On Sat, May 14, 2011 at 22:17, Lorenzo Carretero <lcpaulet at googlemail.com>wrote:

> Hi David,
> Thanks for your reply.
> My scripts is within a subroutine within a .pm file called from a .pl
> script. I checked the arguments are being passed correctly. For the moment
> I'm only testing bitscore and thresholdevalue so I don't need to loop over
> hsp (do I?). Of course, I'm using the strict and warning pragmas and use
> Bio::SearchIO; I tried with a reduced version of my BLASTP output (attached
> as a file). This is what I get in %besthits:
>
>> gnl|Alyrata|AL2G21220,gnl|Alyrata|AL6G21100
>> gnl|Alyrata|AL0G11620,gnl|Alyrata|AL1G37580
>> gnl|Alyrata|AL6G05070,gnl|Alyrata|AL3G15690
>> gnl|Alyrata|AL2G12090,gnl|Alyrata|AL4G18800
>> gnl|Alyrata|AL1G15460,gnl|Alyrata|AL0G01870
>>
>
> My script only returns the correct hits for AL6G05070 and AL0G11260, while
> the 3d for AL2G21220, the 17th for AL2G12090 and the 13th for AL1G15460.

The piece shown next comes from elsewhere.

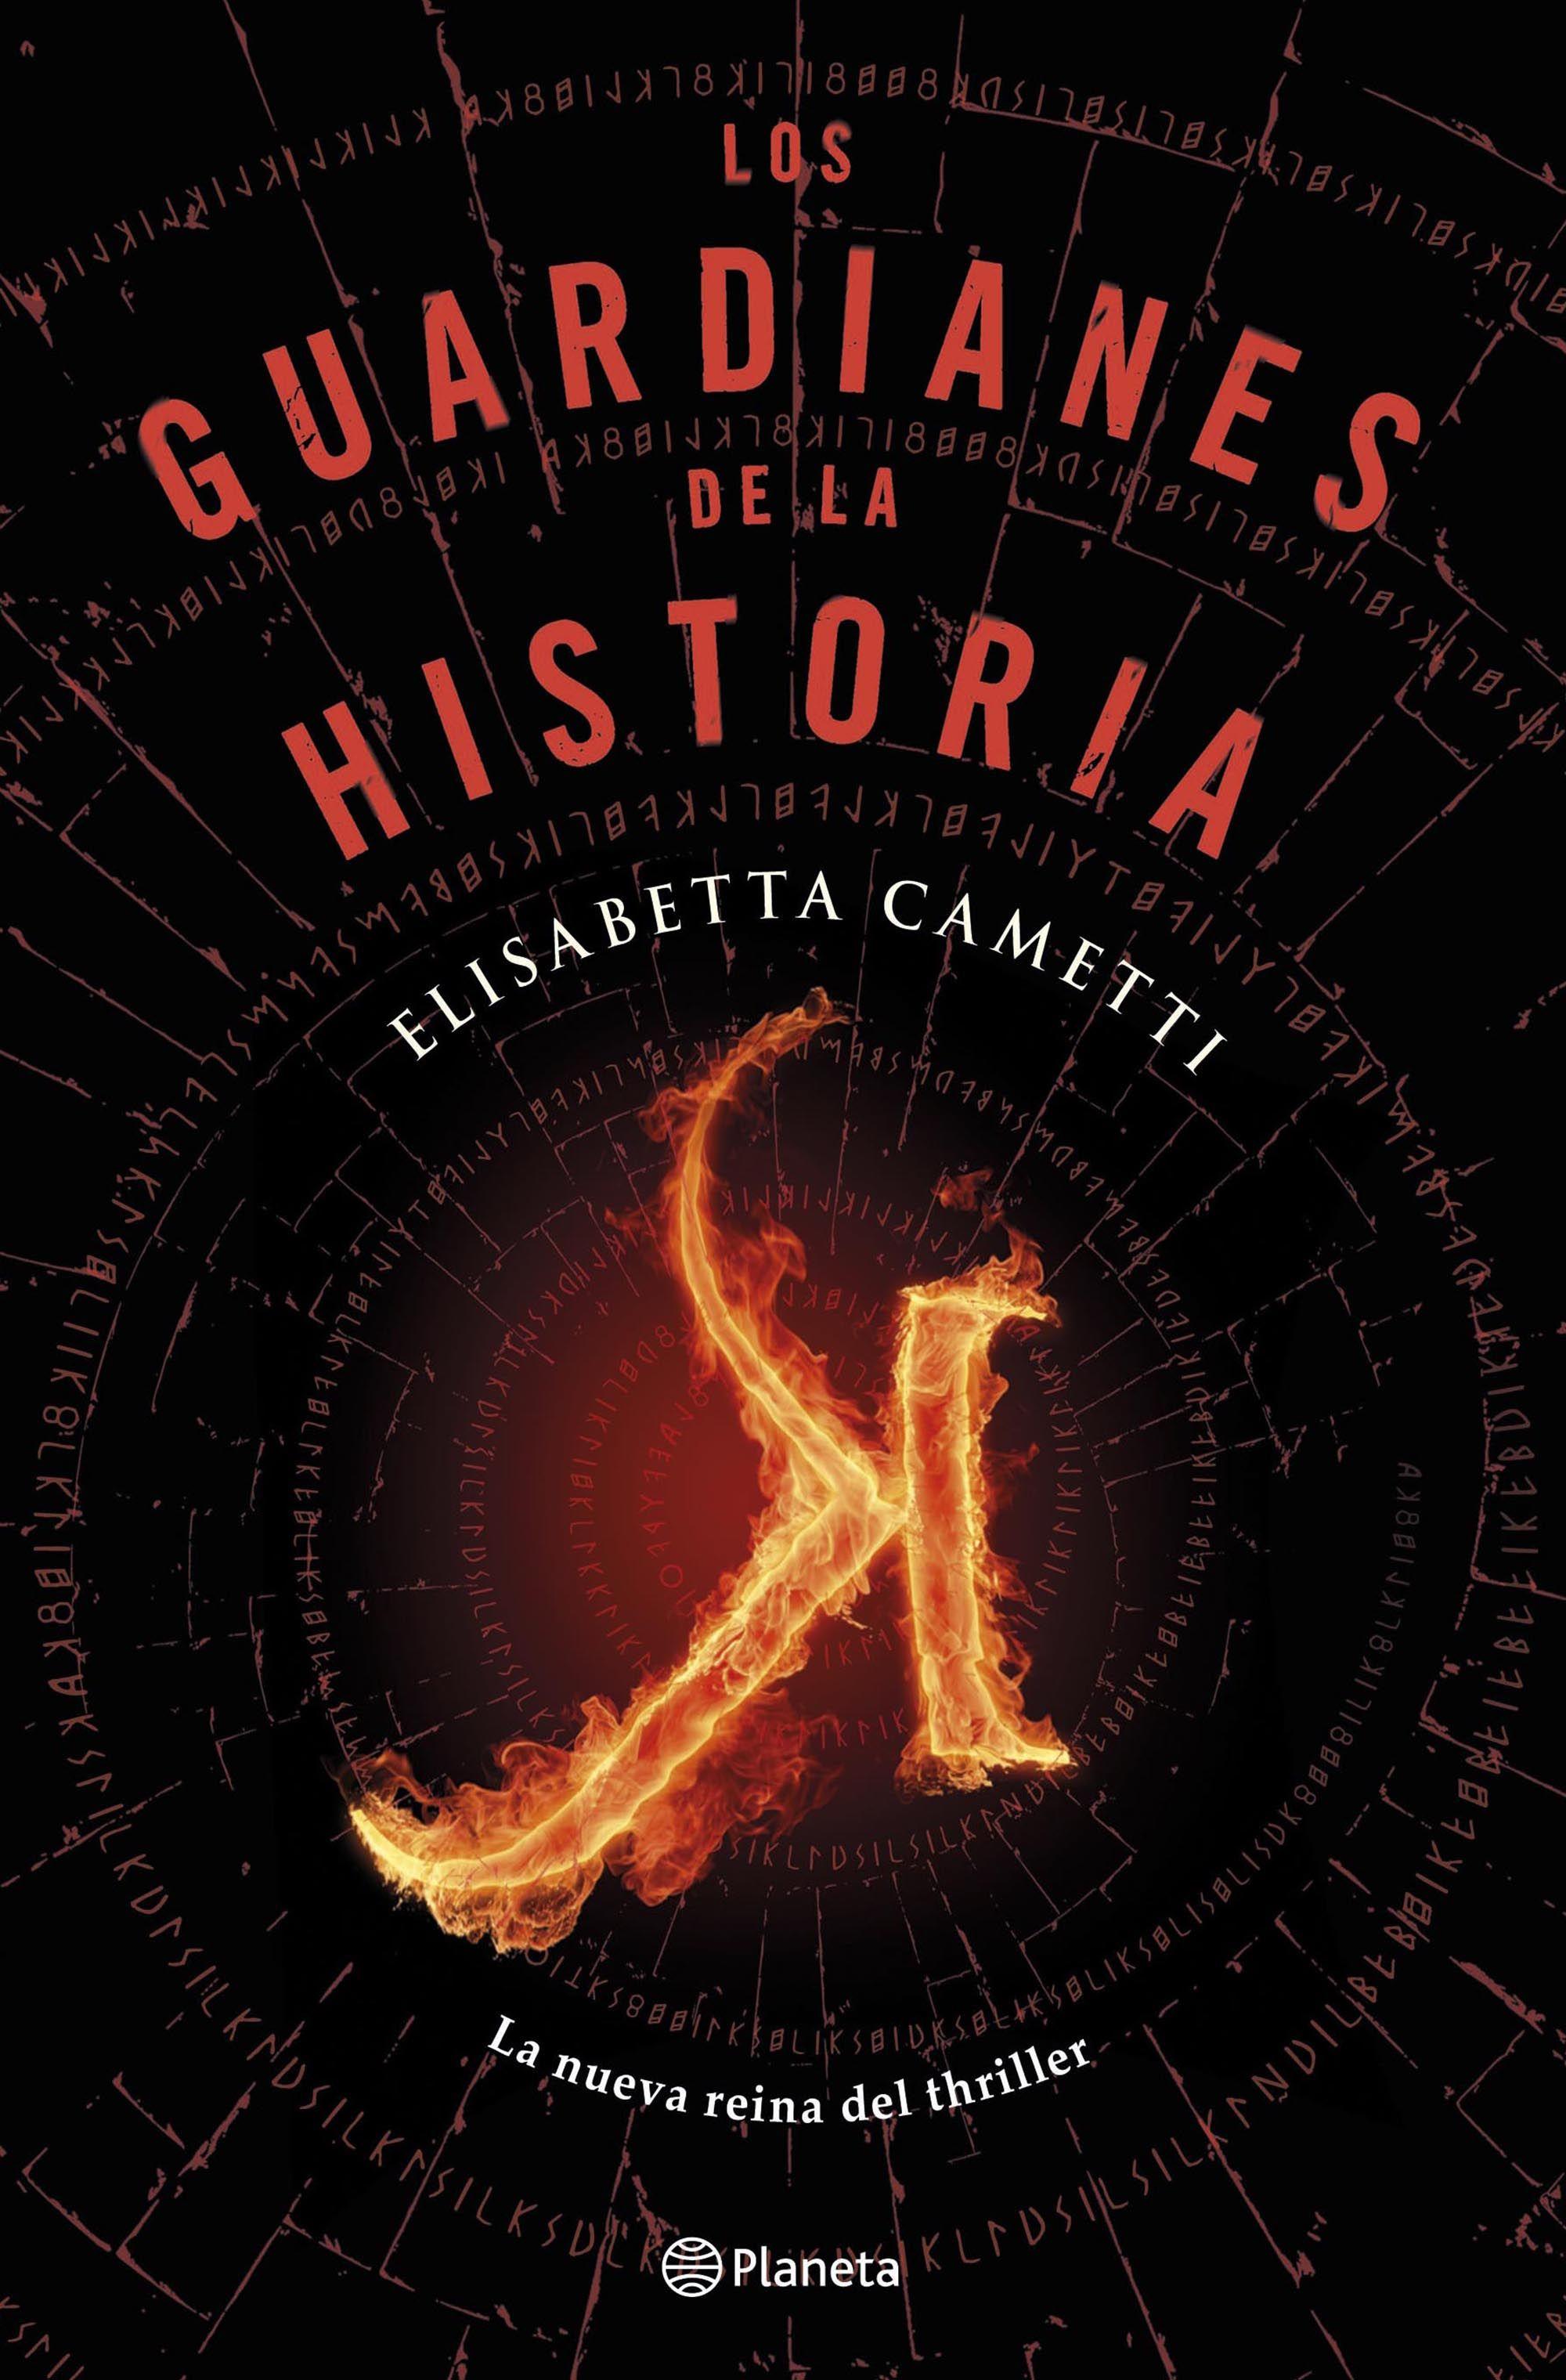 Los guardianes de la historia - Elisabetta Cametti Portada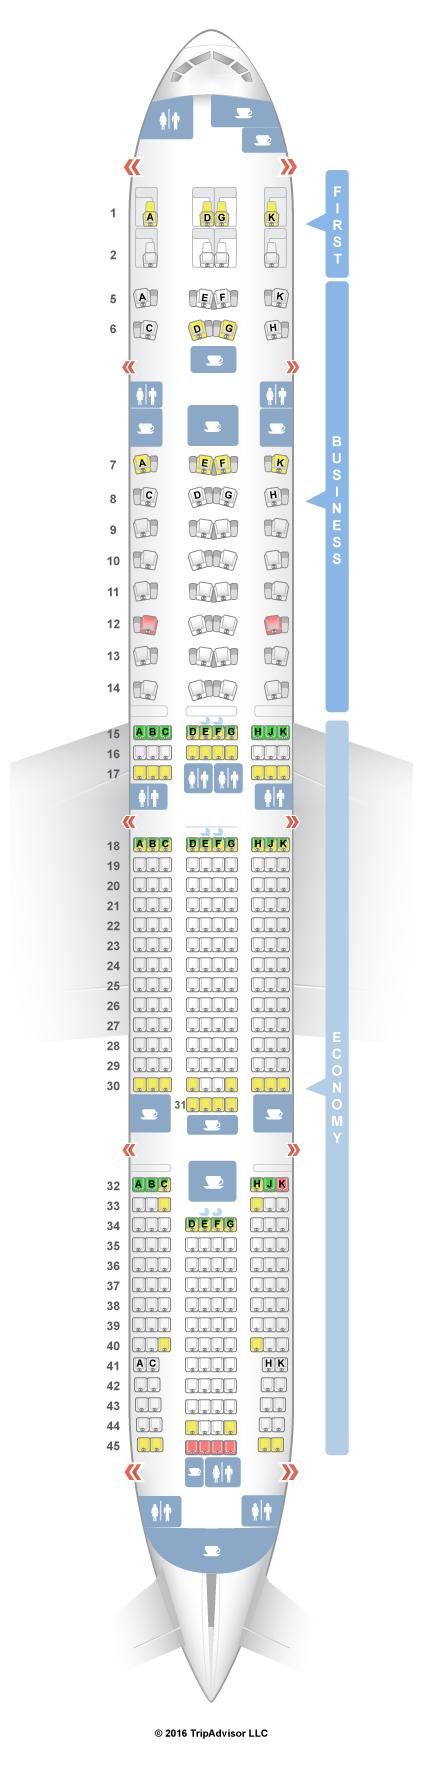 United Airlines First Class 777 200 SeatGuru Seat Map Etih...

> Note that the best non-self hit for AL2G12090 is not the second one but the
> first as it shows better score than the self-hit. I'd also like to get the
> queries only returning itself as hits (singletons) but I must make run
> besthits properly before (any suggestion?).
> Thanks again,
> Lorenzo
>
> On Sat, May 14, 2011 at 6:15 PM, Dave Messina <David.Messina at sbc.su.se>wrote:
>
>> Hi Lorenzo,
>>
>> Hmm, I tried your code, and it worked for me.
>>
>> I set your input variables set as follows:
>> my ( $filename, $format, $minimumbitsscore, $thresholdevalue,
>> $minimumidentity,
>>     $maximumredundancy, $minimumalnlength )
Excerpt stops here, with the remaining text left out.